The overall size of the container should allow for adequate room for your plants' roots to grow. If you are growing plants that have deep roots, even if it is just one or two, then look for a pot that is quite deep. Finally, plants that are in containers tend to freeze faster than those that are planted in the ground. If you plan to keep your container garden out during the winter, or at least on colder nights in the fall, then you may want to consider wrapping the container with some type of insulating material, like burlap or an old blanket.

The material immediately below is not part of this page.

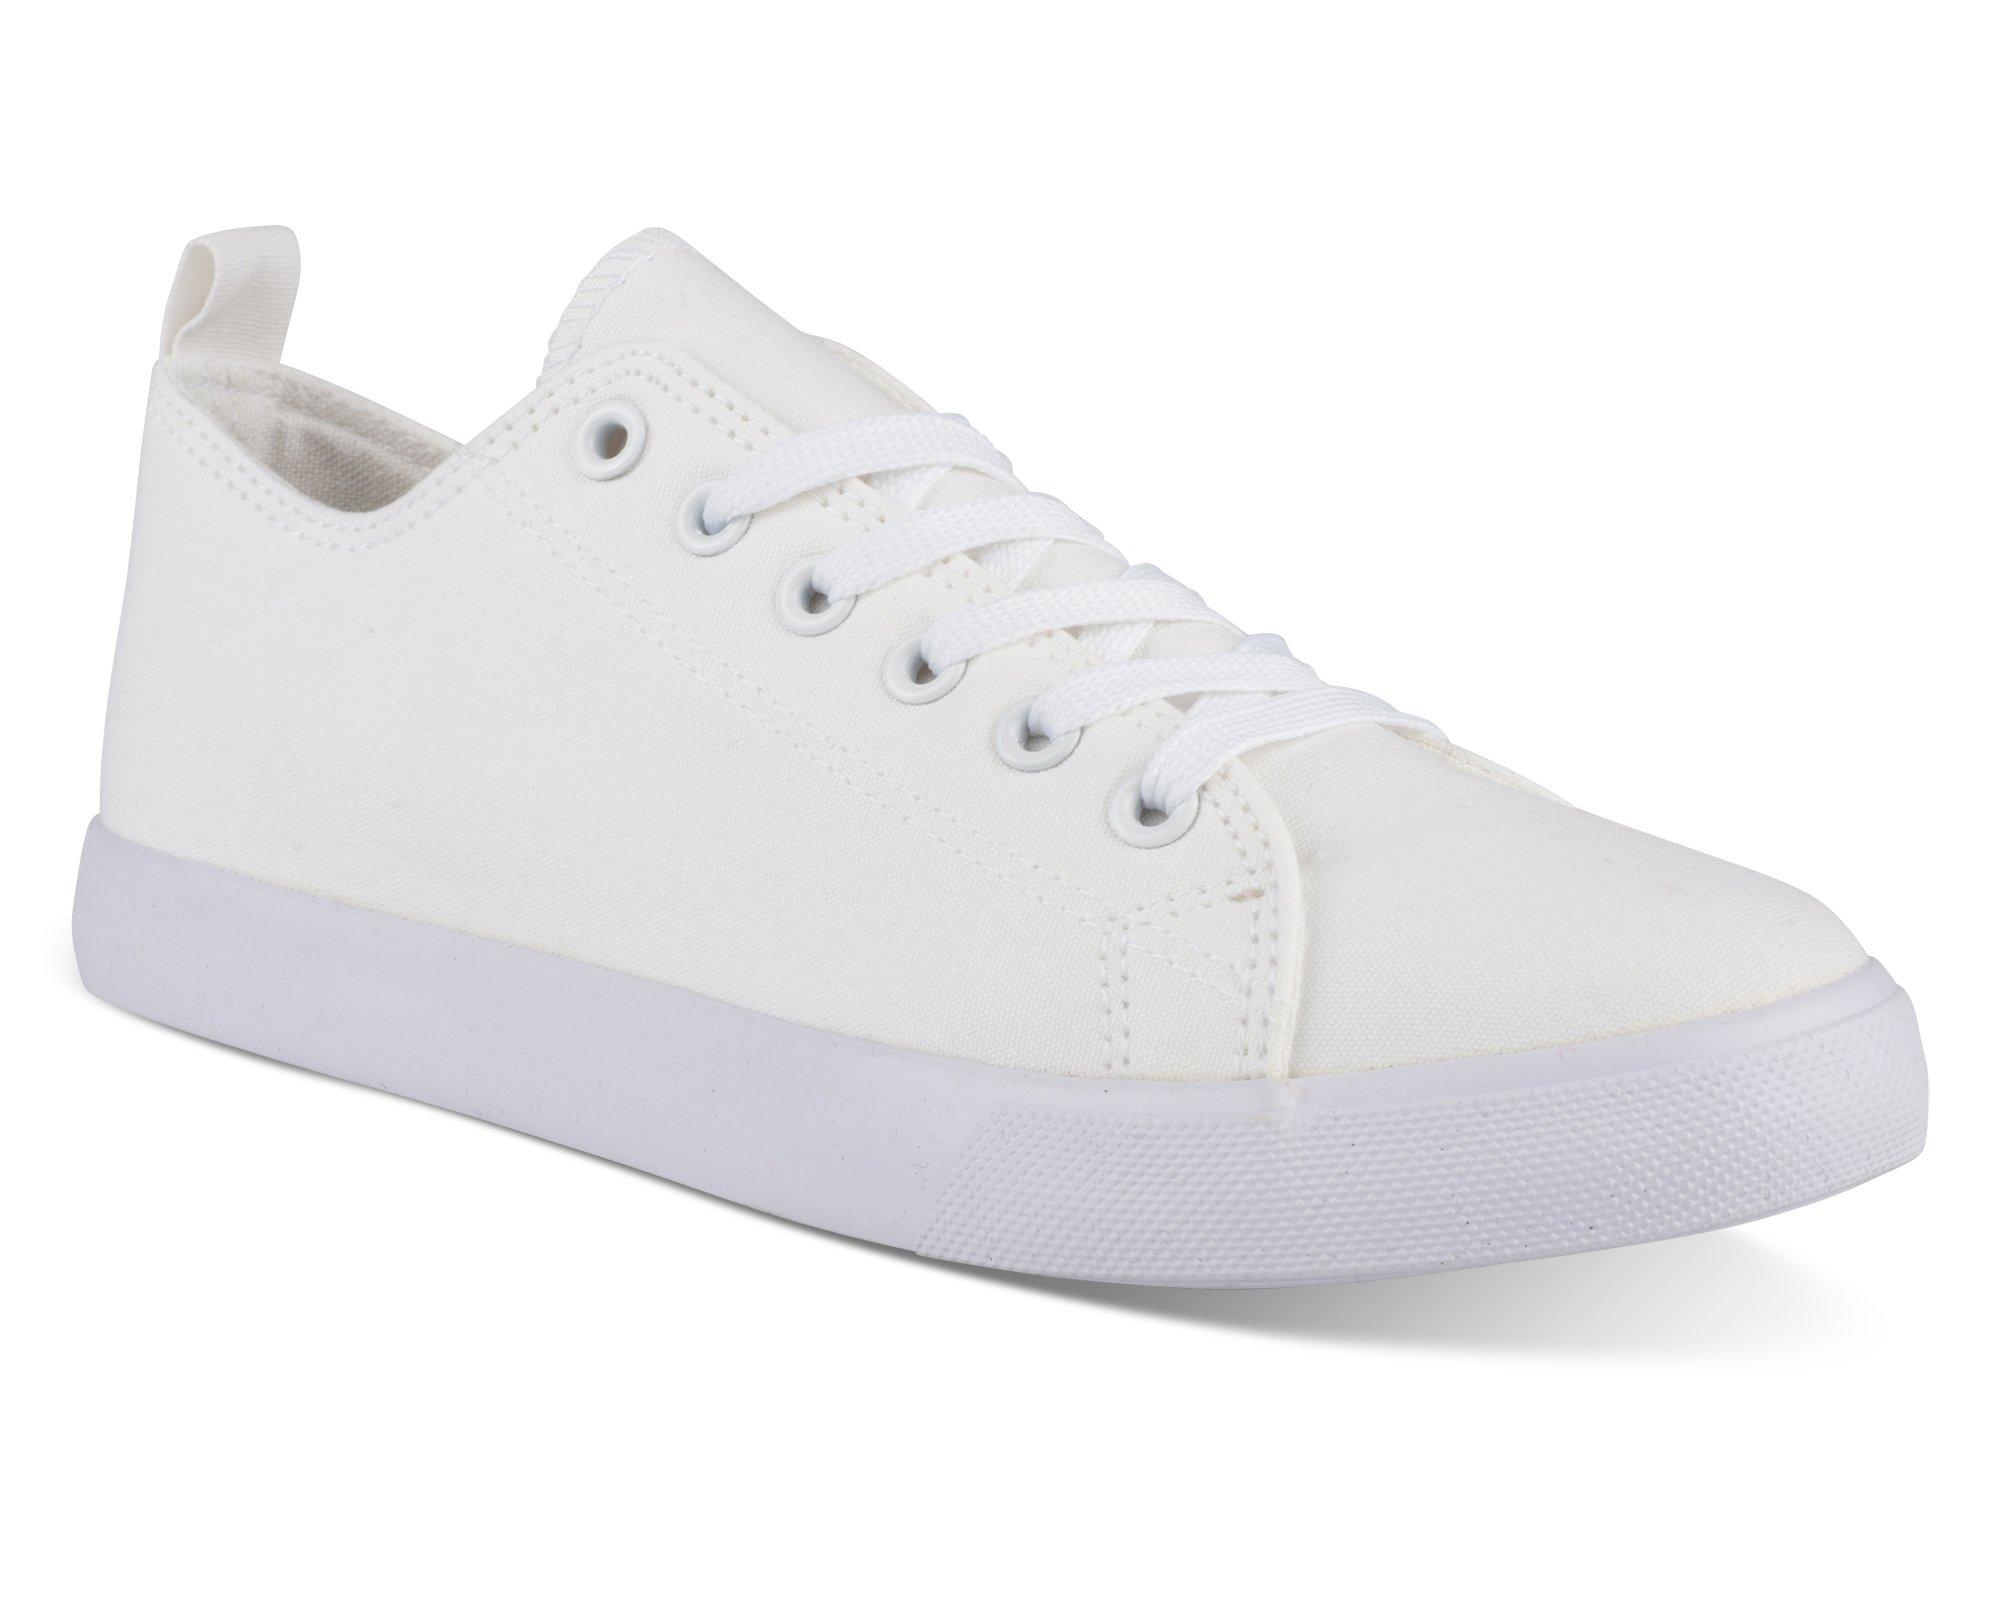 Twisted Women's KIX Canvas Casual Sneakers - KIXLO292WHITE, Size 9

Now that you have your container all picked out, it's time to buy some plants to fill it with. Obviously, you'll want to pick plants that look nice together. If you're looking for a specifically winter themed container, then consider using evergreens, ivy and holly. Other good choices include pansies, primrose, Erica carnea and Erica darleyensis as these can also bloom in the winter (these plants are recommended for people living around zone 4). Placing plants of varying sizes in the same container can be especially beautiful – you'll have your very own mini garden.

If you get started early enough, you can even plant a few crops. Some vegetables that do well in containers include swiss chard, broccoli, lettuce and brussell sprouts. If you plan to keep your containers outside, then consider planting some cabbage and kale. The color of the plant actually intensifies as the temperatures start to dip. However, if you want to harvest your crops, then take them inside when the first frost hits. While they don't need to be kept exceptionally warm, exposure to frost will ruin the vegetables.

Potting and Plant Care
Before you place your plants in your containers, lay some broken clay pot pieces to help the water drain out. Next, put in a layer of soil followed by your plants and then some more soil. Stop when the soil is about 1cm below the edge of the container. If you already have a garden, then just transplant some soil from there to your container. If you don't have a backyard garden, or you're a bit late getting started and the ground has already frozen over, then pop down to your local home improvement store and pick up a bag.

Don.t worry about using fertilizer in the winter. Since you only need to water your plants about once a week, the soil is better able to retain its nutrients. During the summer, though, it may be necessary to water your container garden as often as everyday. Regularly check your plants to see if they need watering by feeling the soil. If it is very dry, then you need to get out the watering can. You'll know your plants have had enough water when it starts to escape through the bottom.

If you are looking to have specifically a winter container garden, then it is best to get started on it in the early fall. This way, your plants have enough time to grow and establish themselves by the time winter arrives. Although growing plants need lots of sunshine, mature plants are usually happy with however much or little sunshine they receive, which is good news for winter gardeners. In fact, plants that have colorful foliage, berries or bark are happy being partly shaded or even completely shaded.

Evergreens - For That Wintry Feel
If you have harsh winters, you can also put together beautiful containers that will last the whole season by simply taking branches of evergreen trees such as pine, spruce and cedar. Place them in pots and add pinecones and sprigs of berries. When the snow settles on these branches, these simple arrangements look magnificent. Container gardening is a great and simple way to keep the beauty of plants in your life all year long. Get your garden started today.